Added some more test cases, including some with the application closed/opened and including some with character deletions. Also simplified the code a bit; refactored some unnecessary complex operations and reduced the amount of structs.
The main goal for this plugin is to recover the text contents of the tab files and be able to parse and collect those during IR / Forensic investigations. So there are still some unk variables in the struct, of which I don't know all the details, but for this use-case that seems to be acceptable. Again, thanks all for the suggestions!
@daddycocoaman do you have a possible ETA when your research will be published?
@daddycocoaman do you have a possible ETA when your research will be published?
Sorry for the delay. At some point during this, I think the tab state format added a few new fields and it broke my ImHex parser. For example, there is now one for spell check being enabled that comes right before the length of the content. I'm looking into the new fields in my spare time.
@daddycocoaman do you have a possible ETA when your research will be published?

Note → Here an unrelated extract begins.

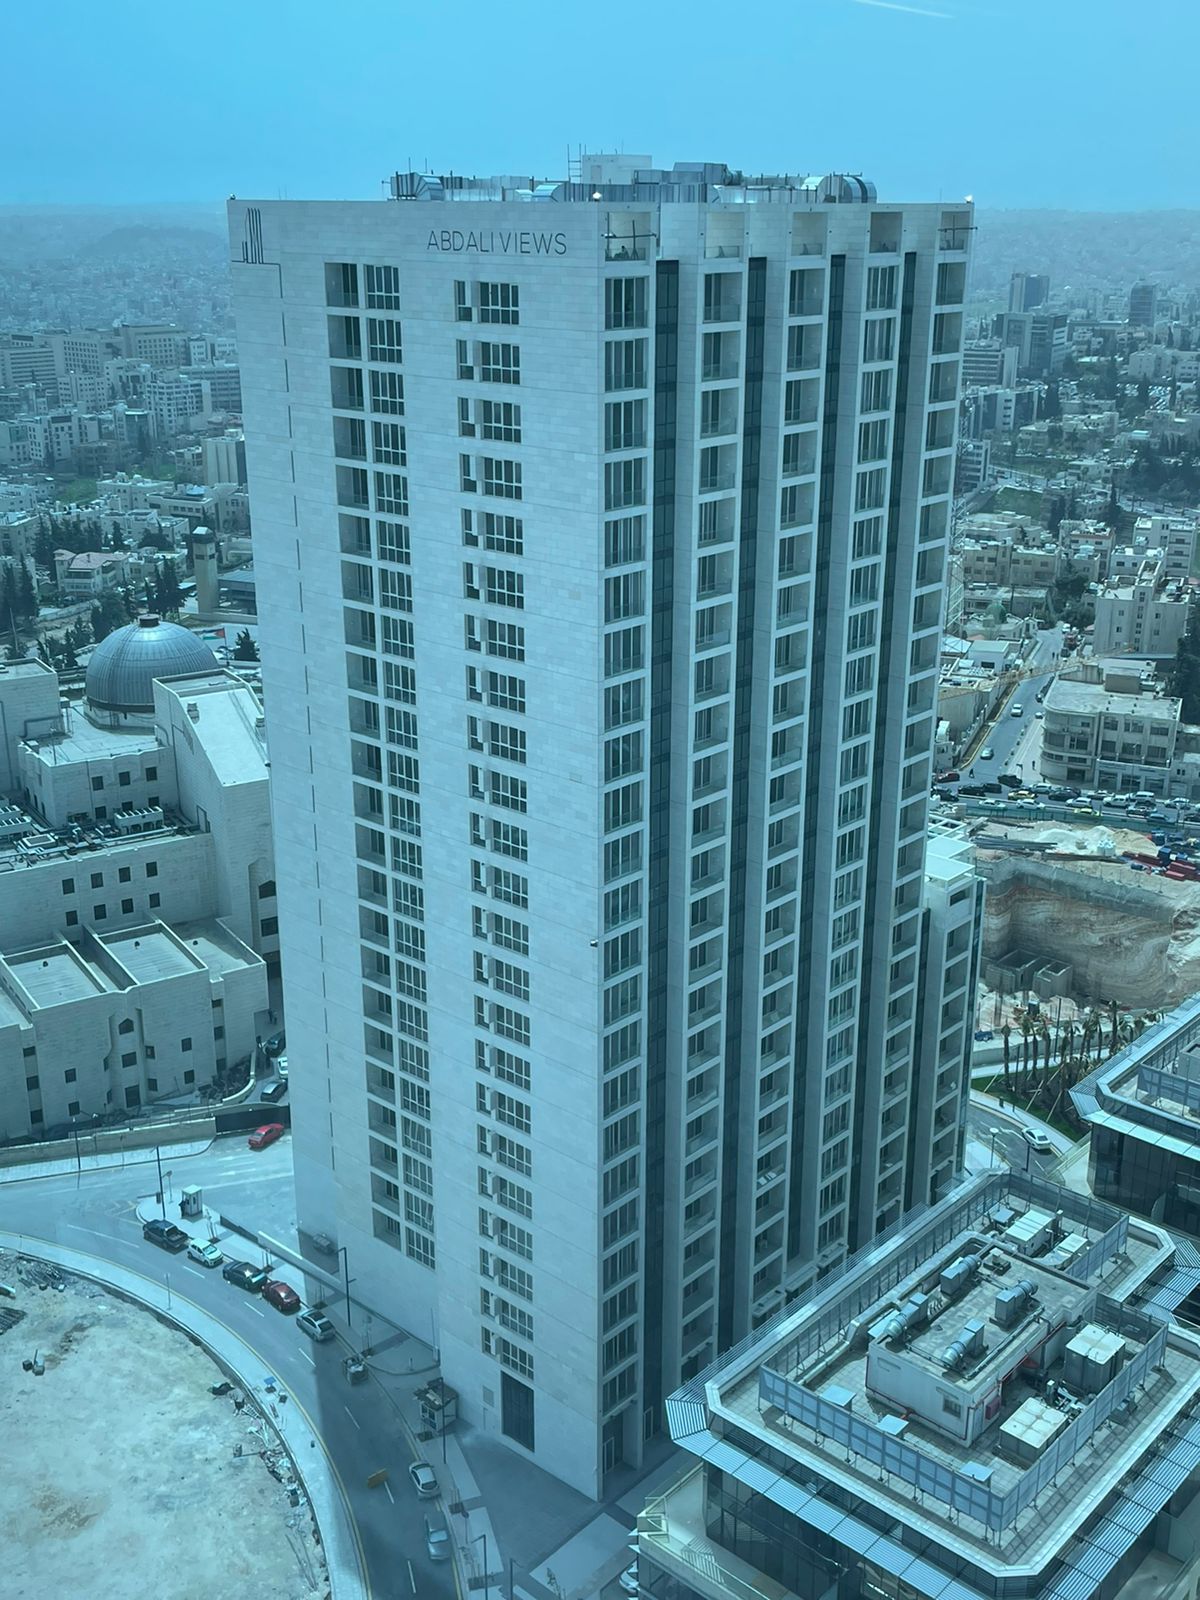 Abdali Views Tower

Sorry for the delay. At some point during this, I think the tab state format added a few new fields and it broke my ImHex parser. For example, there is now one for spell check being enabled that comes right before the length of the content. I'm looking into the new fields in my spare time.
What version of Notepad is it reporting?
@daddycocoaman do you have a possible ETA when your research will be published?
Sorry for the delay. At some point during this, I think the tab state format added a few new fields and it broke my ImHex parser. For example, there is now one for spell check being enabled that comes right before the length of the content. I'm looking into the new fields in my spare time.
What version of Notepad is it reporting?
Had a few moments to quickly poke around. There definitely are some changes to the format that appears to lineup with new options in what I call the options block. It appears that 1 byte was added which probably lines up with the spellcheck/autocorrect option.
Top is the new state format with the extra byte. Bottom is the previous state format. Both are just an empty unsaved tab.
My test machine is running the stable build of Windows 11 23H2 OS Build - 22631.3527 and Windows Notepad version 11.2402.22.0. The format has changed but I don't have the options to enable/disable spellcheck or autocorrect within Windows Notepad. I'll spin up another test system later on a Release Preview build to see if I get the options.
https://blogs.windows.com/windows-insider/2024/03/21/spellcheck-in-notepad-begins-rolling-out-to-windows-insiders/
Edit:
Spun up a quick VM on the Beta Release channel. Windows 11 23H2 OS Build - 22635.3566 and Windows Notepad version 11.2402.22.0. Again, the format is different from the above. Looks like another byte was added. Screenshot is of an empty unsaved tab.
Looking at your screenshots @ogmini, the byte at offset 0A is different between the versions and may indicate some kind of optionsVersion number. Thank you both again for the updates, I'll edit my dissect parser accordingly as well!
Looking at your screenshots @ogmini, the byte at offset
0Ais different between the versions and may indicate some kind ofoptionsVersionnumber. Thank you both again for the updates, I'll edit my dissect parser accordingly as well!
That was one of my theories. But it doesn't make total sense. Why would you have the version so late in the stream? The files do store content length, so it knows how far to read the stream. Is it possible that the byte at offset 0A is letting us know how many more bytes to read? We'll probably need to wait for MS to make more changes in the future to really verify.
Consolidated screenshot with some coloring for easier reading.
I added the optionsVersion field in the latest commit. Although we might not be 100% sure if this is correct, we can always fill in these gaps later on. At least, the dissect parser now seems to be able to parse the newer format as well. The parser is now also able to handle variable-length data buffers that is passed after a fixed-length data buffer.